As branded Instagram content begins to work its way into users feeds, the big question is whether people will mind (or notice). These paid endorsements will be unobtrusive, and will look exactly the same as every other photo populating your feed. As Instagram CEO Kevin Systrom says, “It doesn’t feel like advertising when you open Instagram — it feels like entertainment.”

The idea of branded entertainment on Instagram has been an extremely successful tool for brands that operate their own accounts, such as Warby Parker and Anthroplogie, and Instagrid’s programs could help their accounts grow. However, these accounts have a transparency to them that disappears with users being paid to post images on their accounts, on the behalf of brands. For brands, this “product placement” model risks driving users away from them or Instagram in general, due to a perceived drop in authenticity and artistic integrity of the community.

Both brands and users will be carefully monitoring what happens next. Facebook and Instagram need to maintain their independence and authenticity as separate platforms in order to be successful and not push users away. Marketing efforts need to be carefully designed with the end user in mind.

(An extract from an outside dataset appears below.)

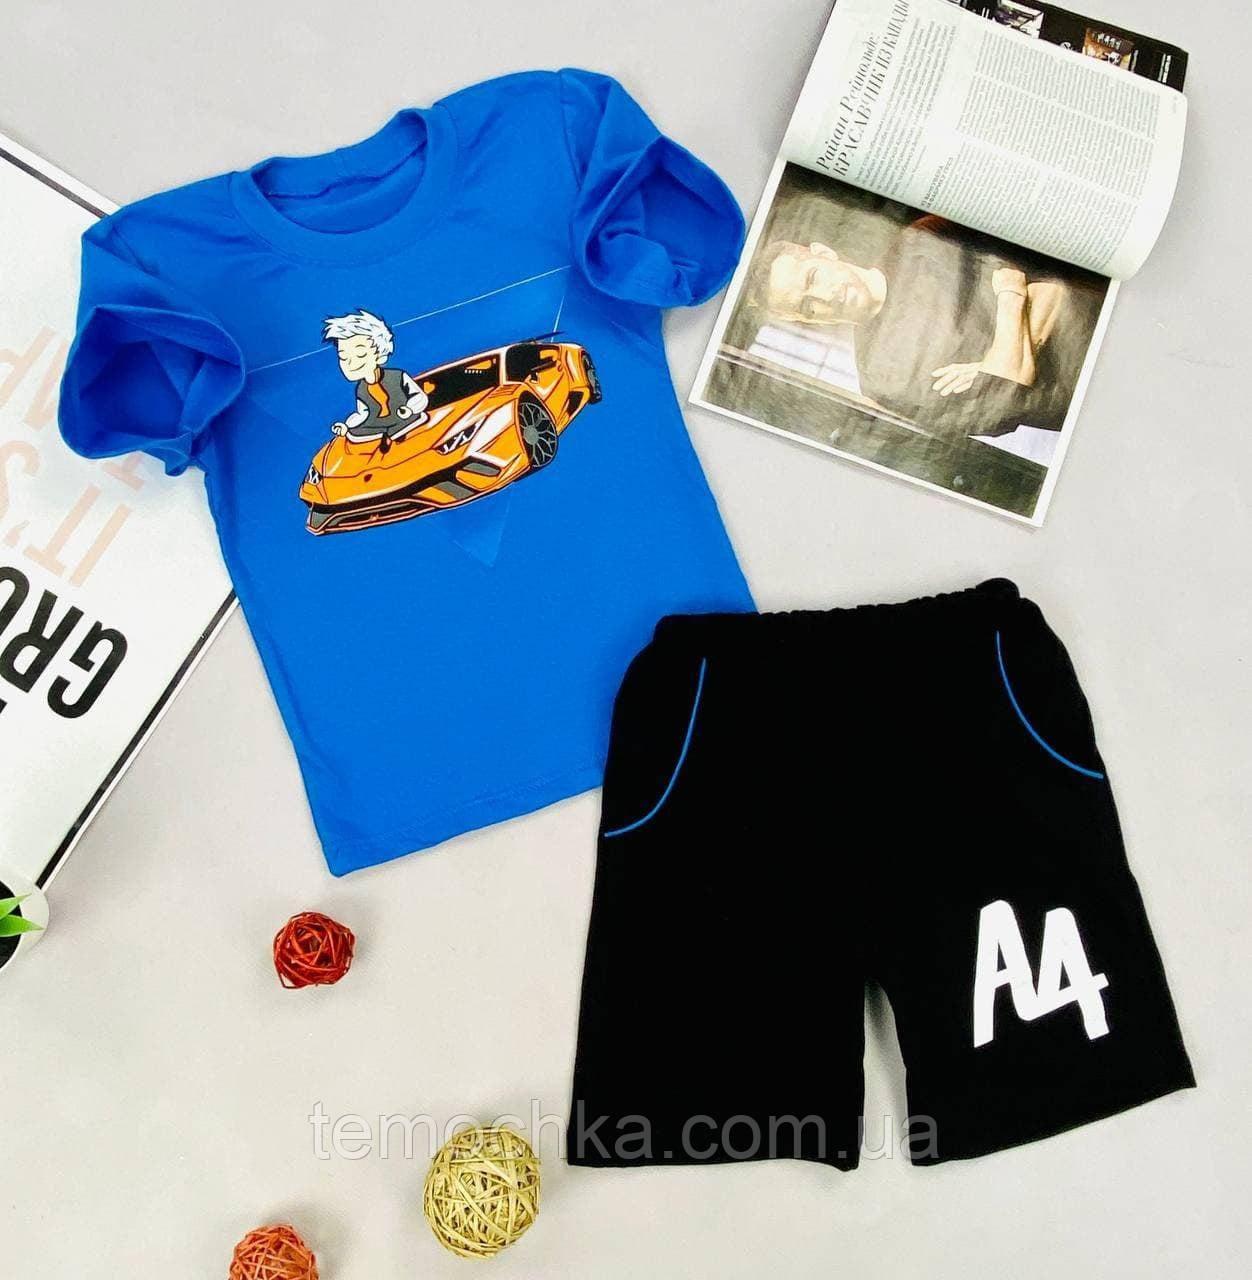 Комплект футболка і шорти для хлопчика А4 Бумага

The prospect of Facebook using its dominant presence to barge into users’ intimately curated Instagram communities has backlash potential. However, we see an opportunity for positive social benefits than can subtly improve the Instagram user experience and make it more dynamic — such as in-app tagging, personal and community-sourced albums, or a unified desktop presence for Instagram photos.

While this partnership will undoubtedly attract many new users to join the Instagram community, for brands, it’s important to keep in mind which channel is more relevant to the brand and its consumers. This acquisition can heighten the potential for success of branded content on Instagram, without affecting the artistic integrity of the platform.

While initially it may fall on Zuck to get this right, brands bear the real responsibility for developing the new Instagram and keeping the focus on user engagement. If they can do that, it will be a pretty picture indeed.

With Casey Roeder, strategist, Big Spaceship

This story originally published on Mashable here.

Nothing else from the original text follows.